Records from a dataset
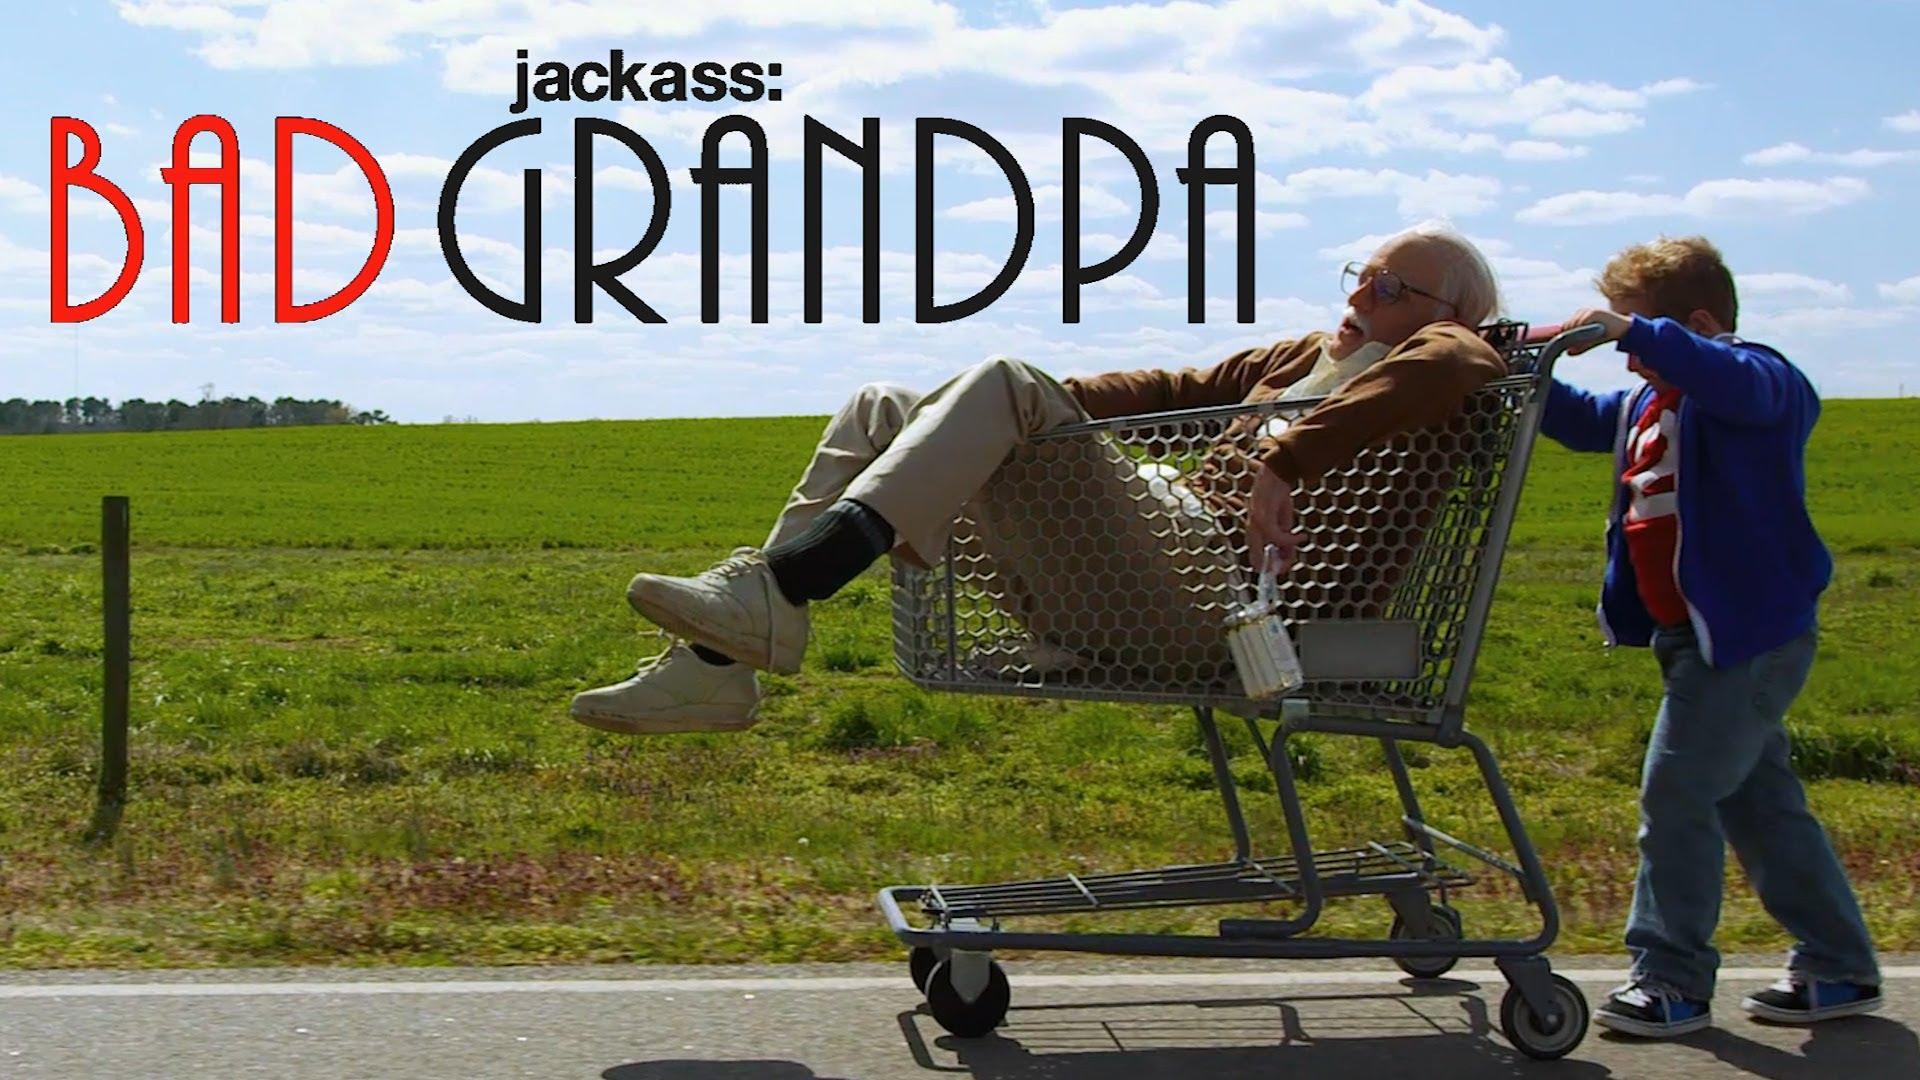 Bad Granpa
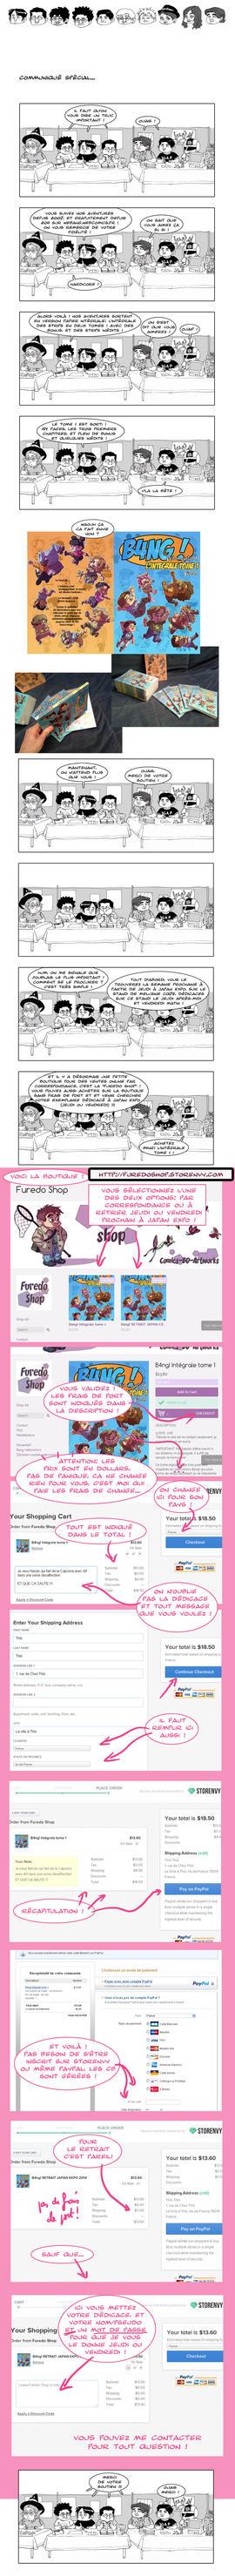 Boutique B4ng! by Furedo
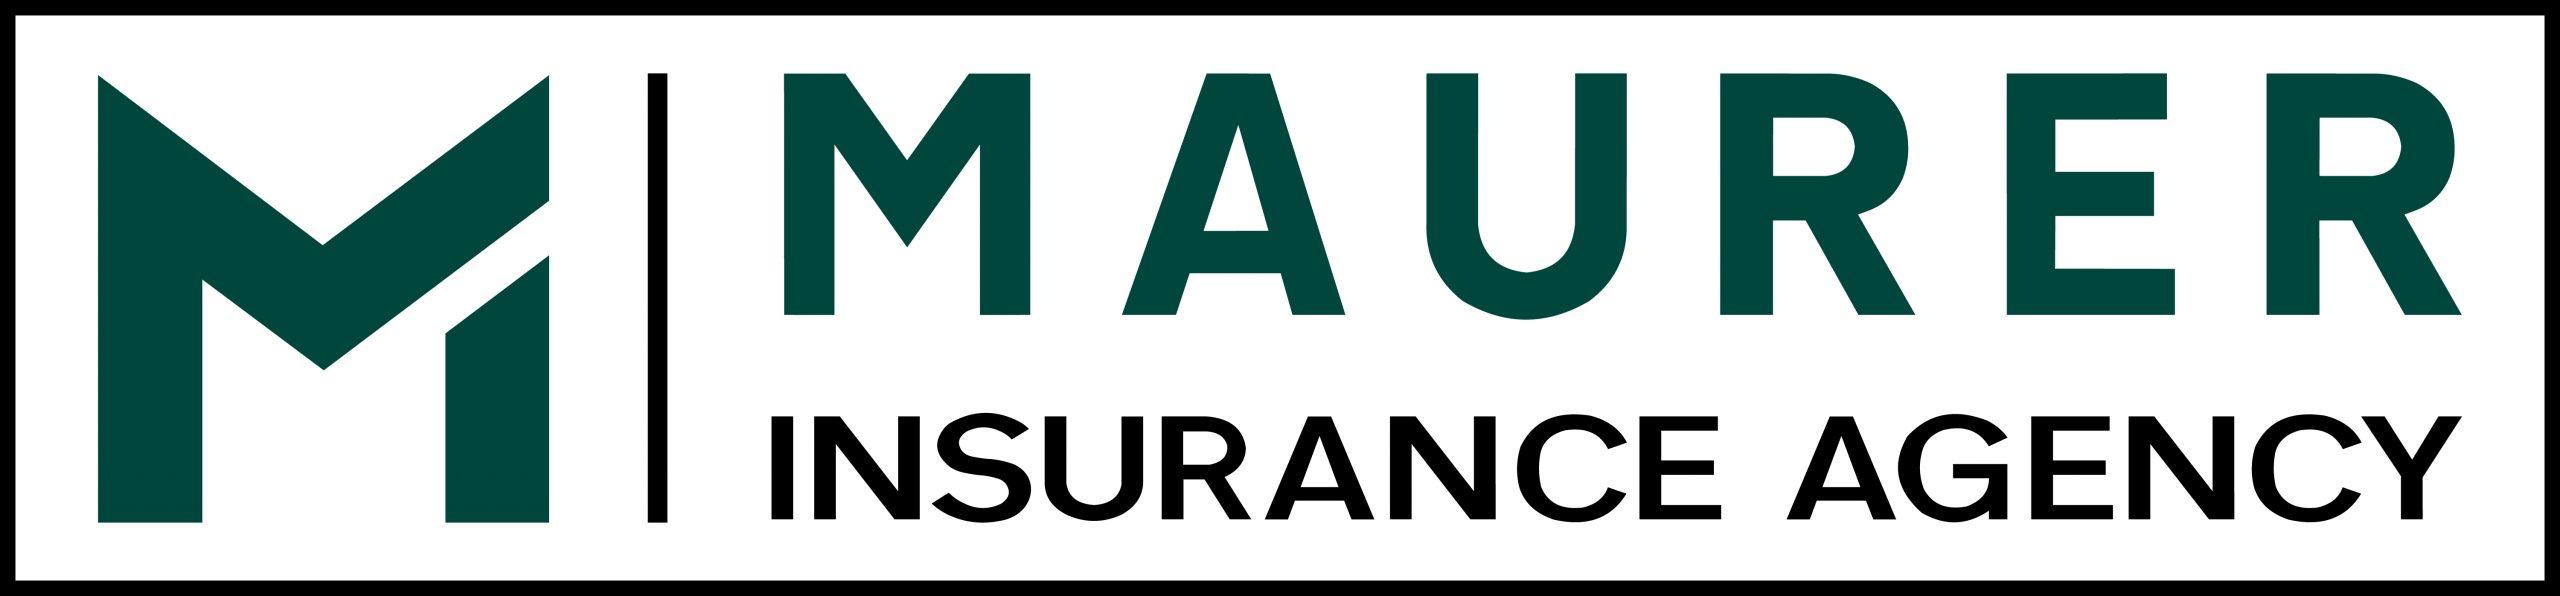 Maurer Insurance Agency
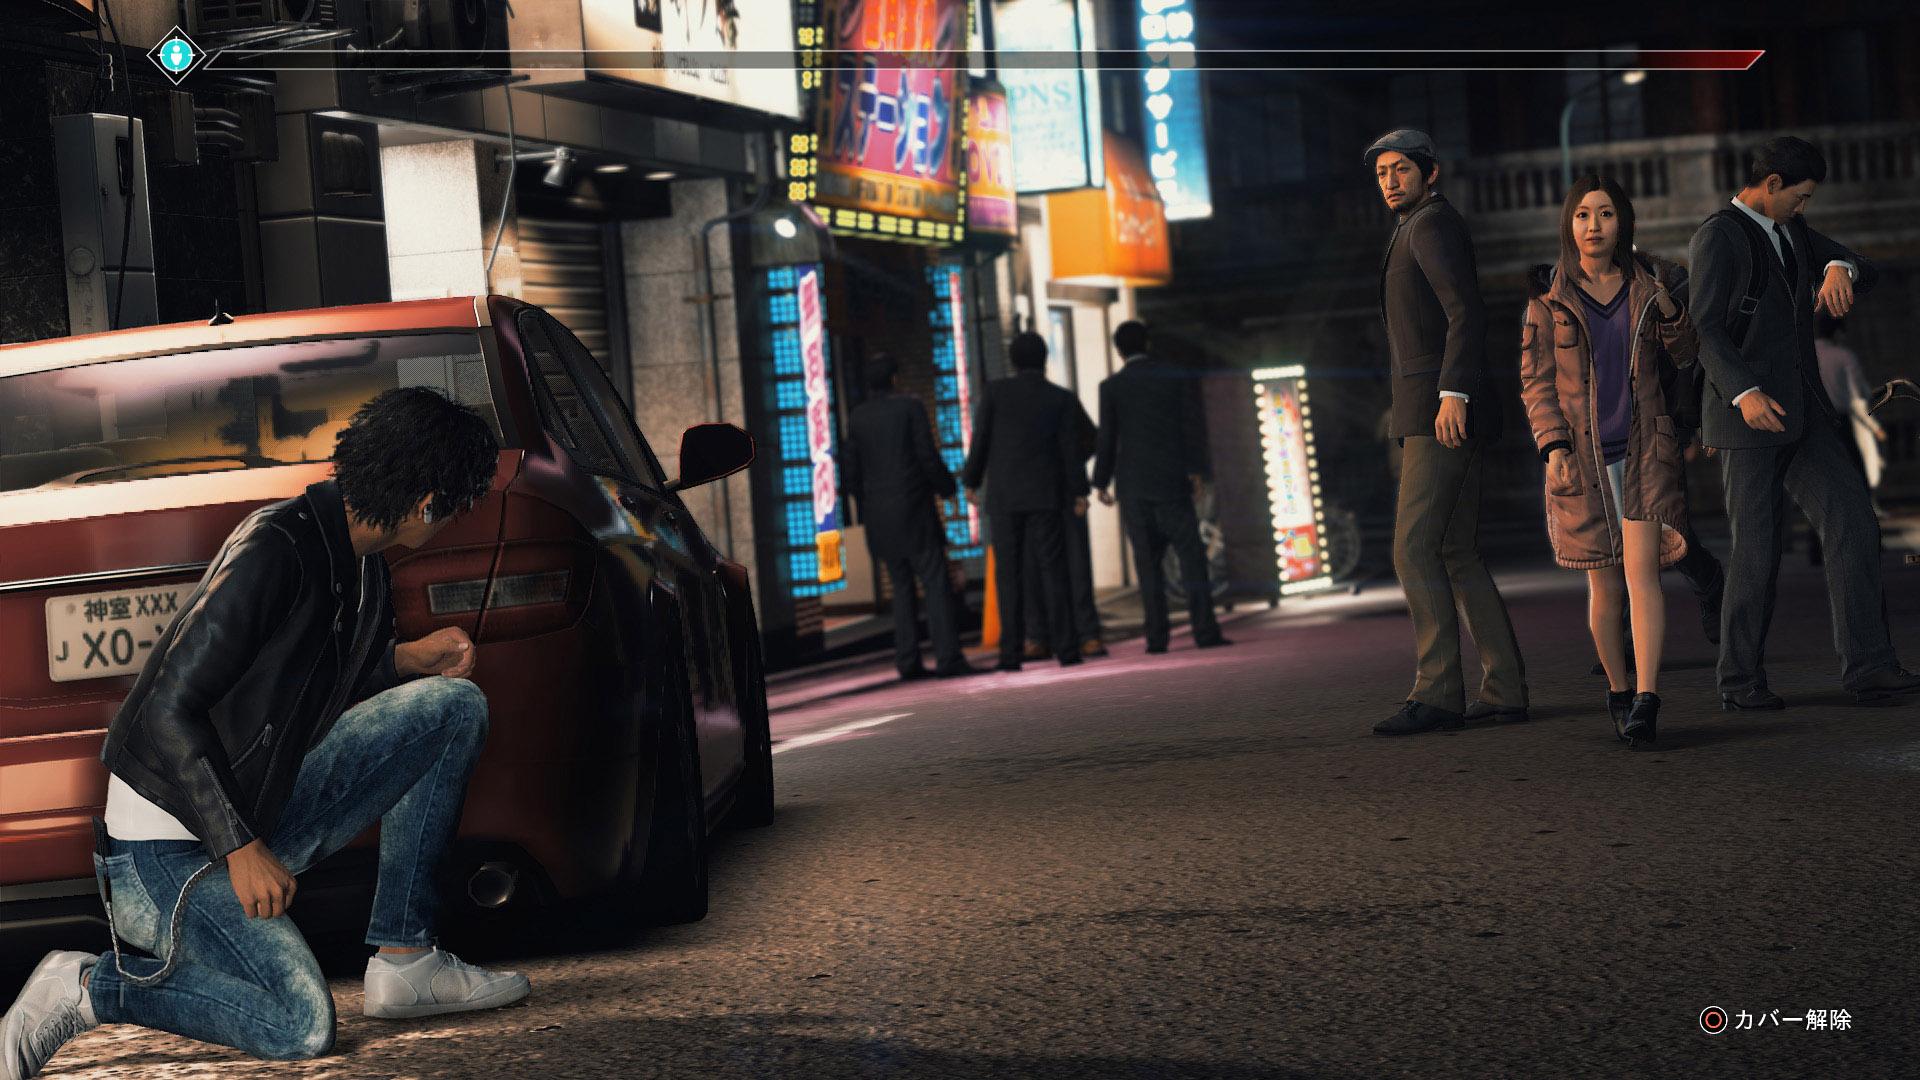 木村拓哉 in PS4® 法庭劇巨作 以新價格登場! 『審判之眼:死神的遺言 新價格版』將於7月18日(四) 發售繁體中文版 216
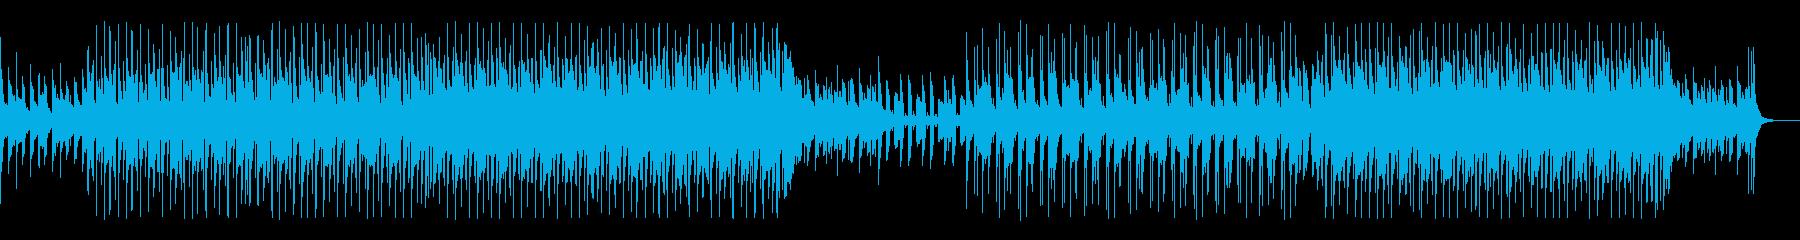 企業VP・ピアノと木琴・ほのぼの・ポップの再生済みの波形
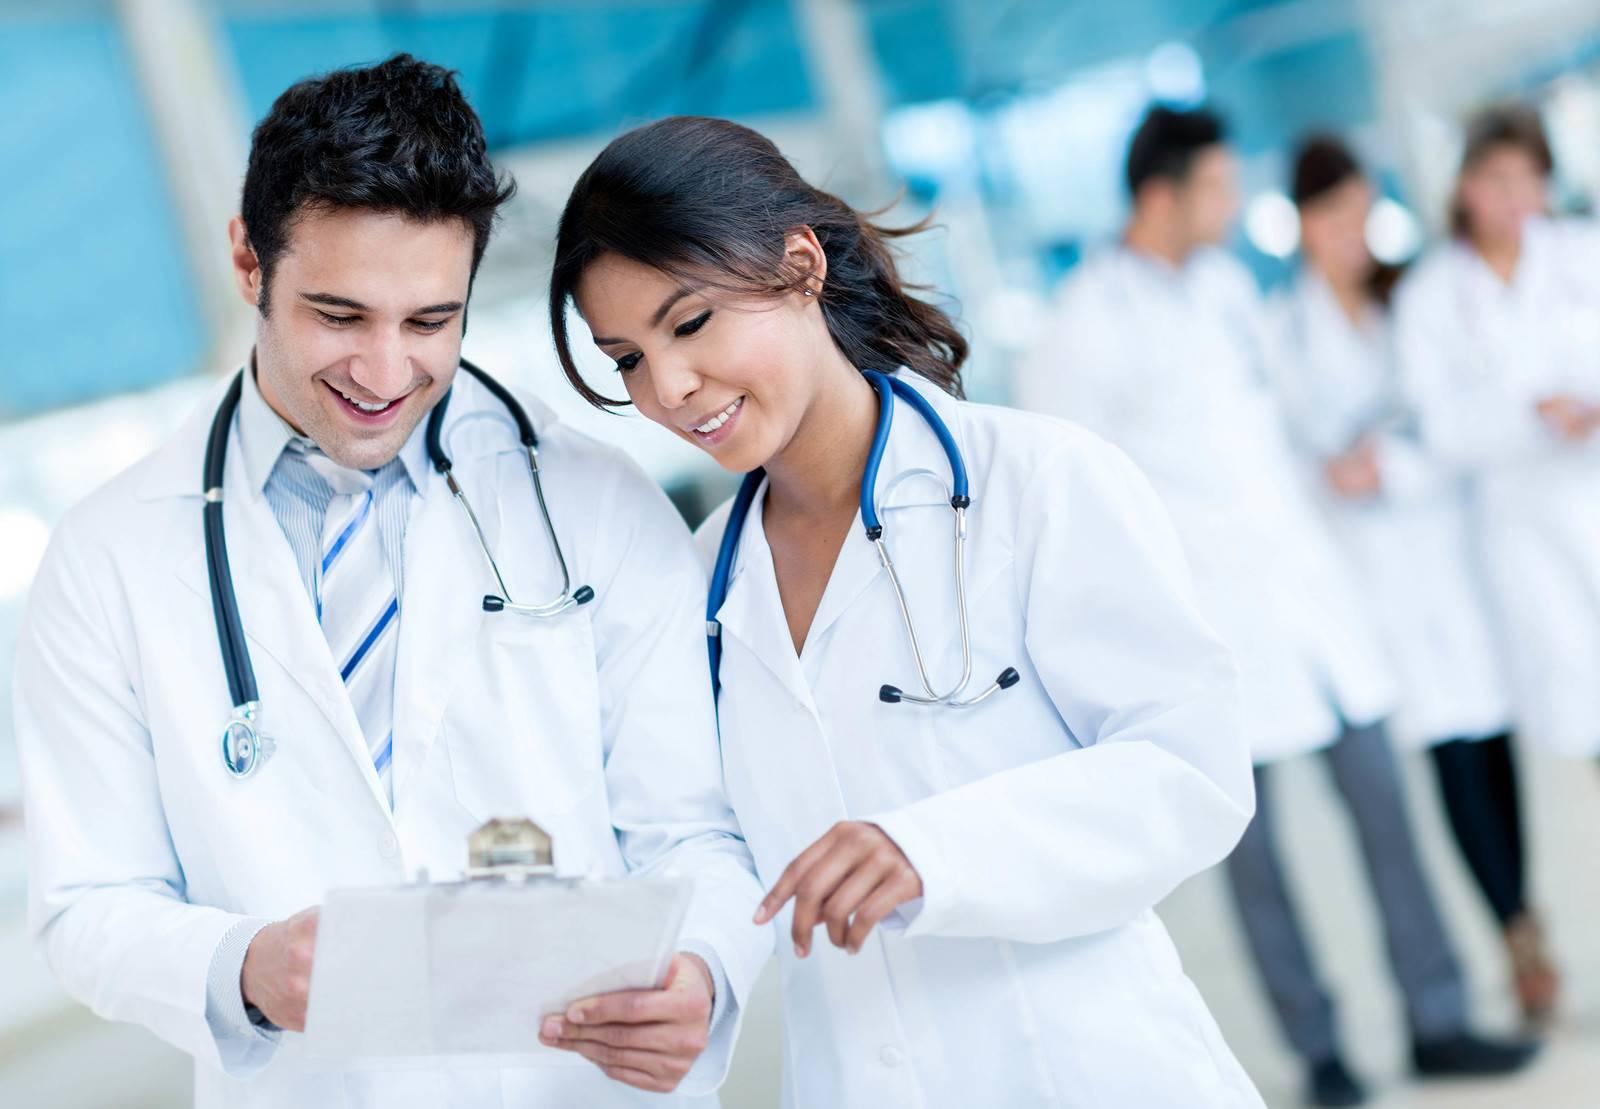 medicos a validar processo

**EXERCISE INSTRUCTIONS:** Leave out the pictures and set down all of the data exactly.

**SOLUTION TO THE EXERCISE:**
 Bad Granpa
 Boutique B4ng! by Furedo
 Maurer Insurance Agency
 木村拓哉 in PS4® 法庭劇巨作 以新價格登場! 『審判之眼:死神的遺言 新價格版』將於7月18日(四) 發售繁體中文版 216
 企業VP・ピアノと木琴・ほのぼの・ポップの再生済みの波形
 medicos a validar processo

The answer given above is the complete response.